A big part of the speedup provided by the cache when doing repeated binary search comes from keeping the top levels of the (implicit) search tree in the cache. With a cache of size M that has a line size of L, binary search can keep the log(M/L) top levels in the cache. The other packing methods can keep the log(M) top levels.
The Eytzinger layout is almost never slower and usually faster than a sorted array—even for very small array lengths. This is because the Eytzinger child index calculations 2*i+1 and 2*i+2 are as simple as those done in binary search.
The Eytzinger layout does surprisingly well. My current conjecture (mainly due to Paul Khuong) is that the prefetcher is working really well here. This isn't too surprising since after accessing array index i, the next array index accessed is 2*i+1 or 2*i+2, both of which are probably in the same cache line. Looking even two levels down, the next access is in the range 4*i+3,…,4*i+6. A good prefetcher can get this lined up two or even three levels ahead of time. If that's not the case, then using the __builtin_prefetch directive might help.

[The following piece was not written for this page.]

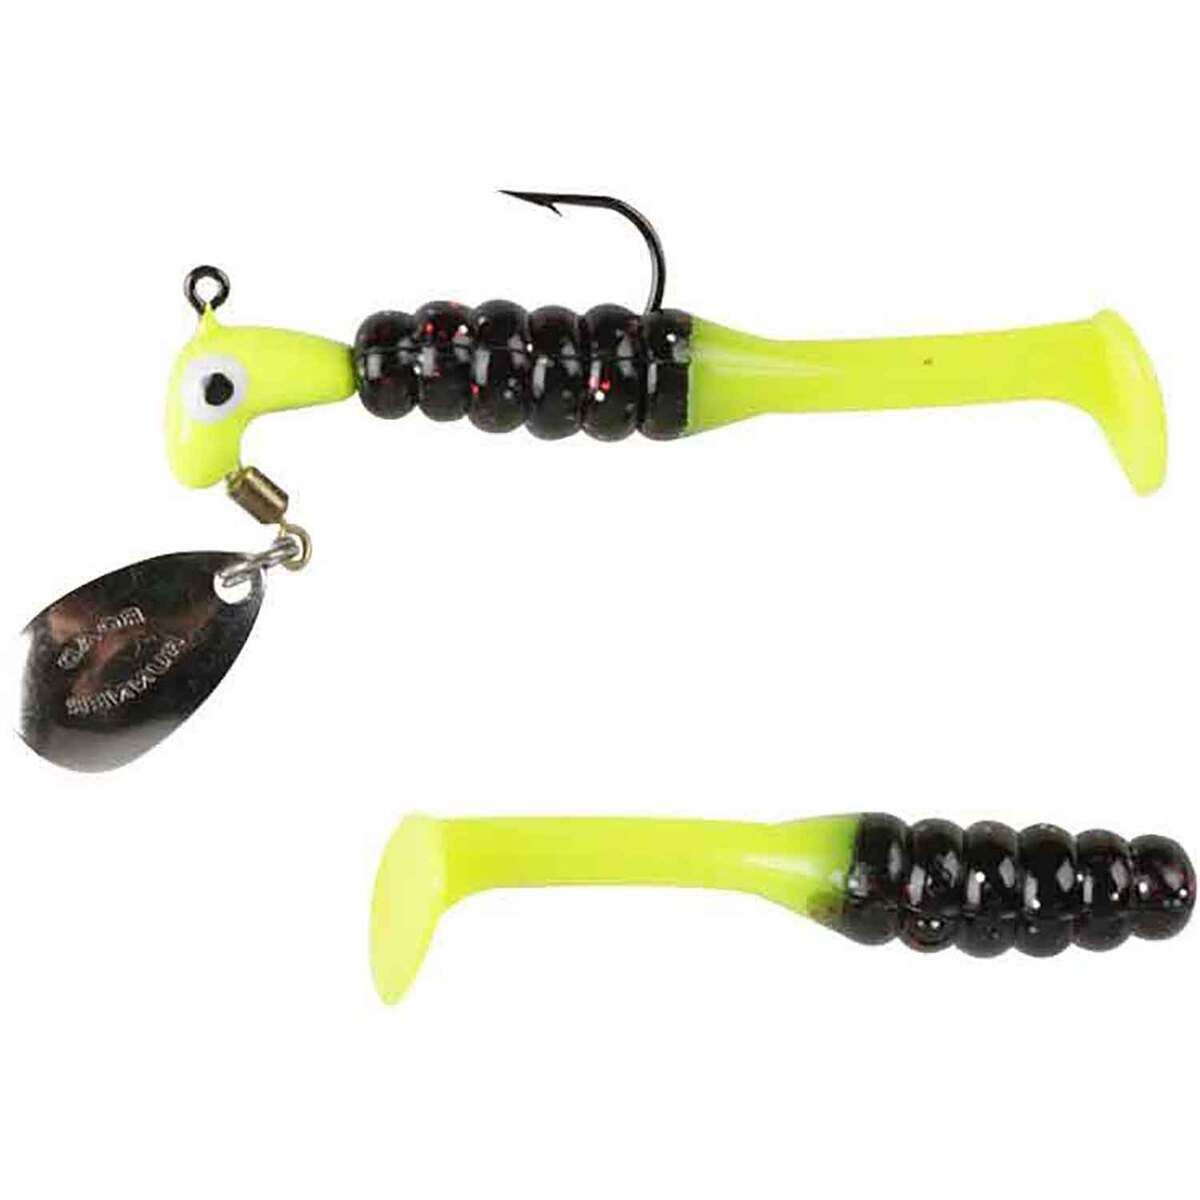 Tadpole crappie baits, Jigs, lures. Black Ice, 15 count.

Update: I confirmed this by using an explicit prefetch __builtin_prefetch(16*i+22) at the top of the loop. On the 4790K, this gives a modest speedup when we run out of L2 cache. On the Atom 330 (which is the figure on the left, above) this gives a substantial speedup, making the Eytzinger layout competitive again for a while, at least. Here are the graphs.
The B-tree layout can have significant overhead for small arrays. For example, when B=17 (so, with 16 keys per block) and n=32, about half of the searches require 10 comparisons; all other methods will do at most 6 comparisons.
For most processors, the vEB layout doesn't become effective until the data gets really big. The index calculations are just too complicated.
Nearly universally, B-trees win when the data gets big enough.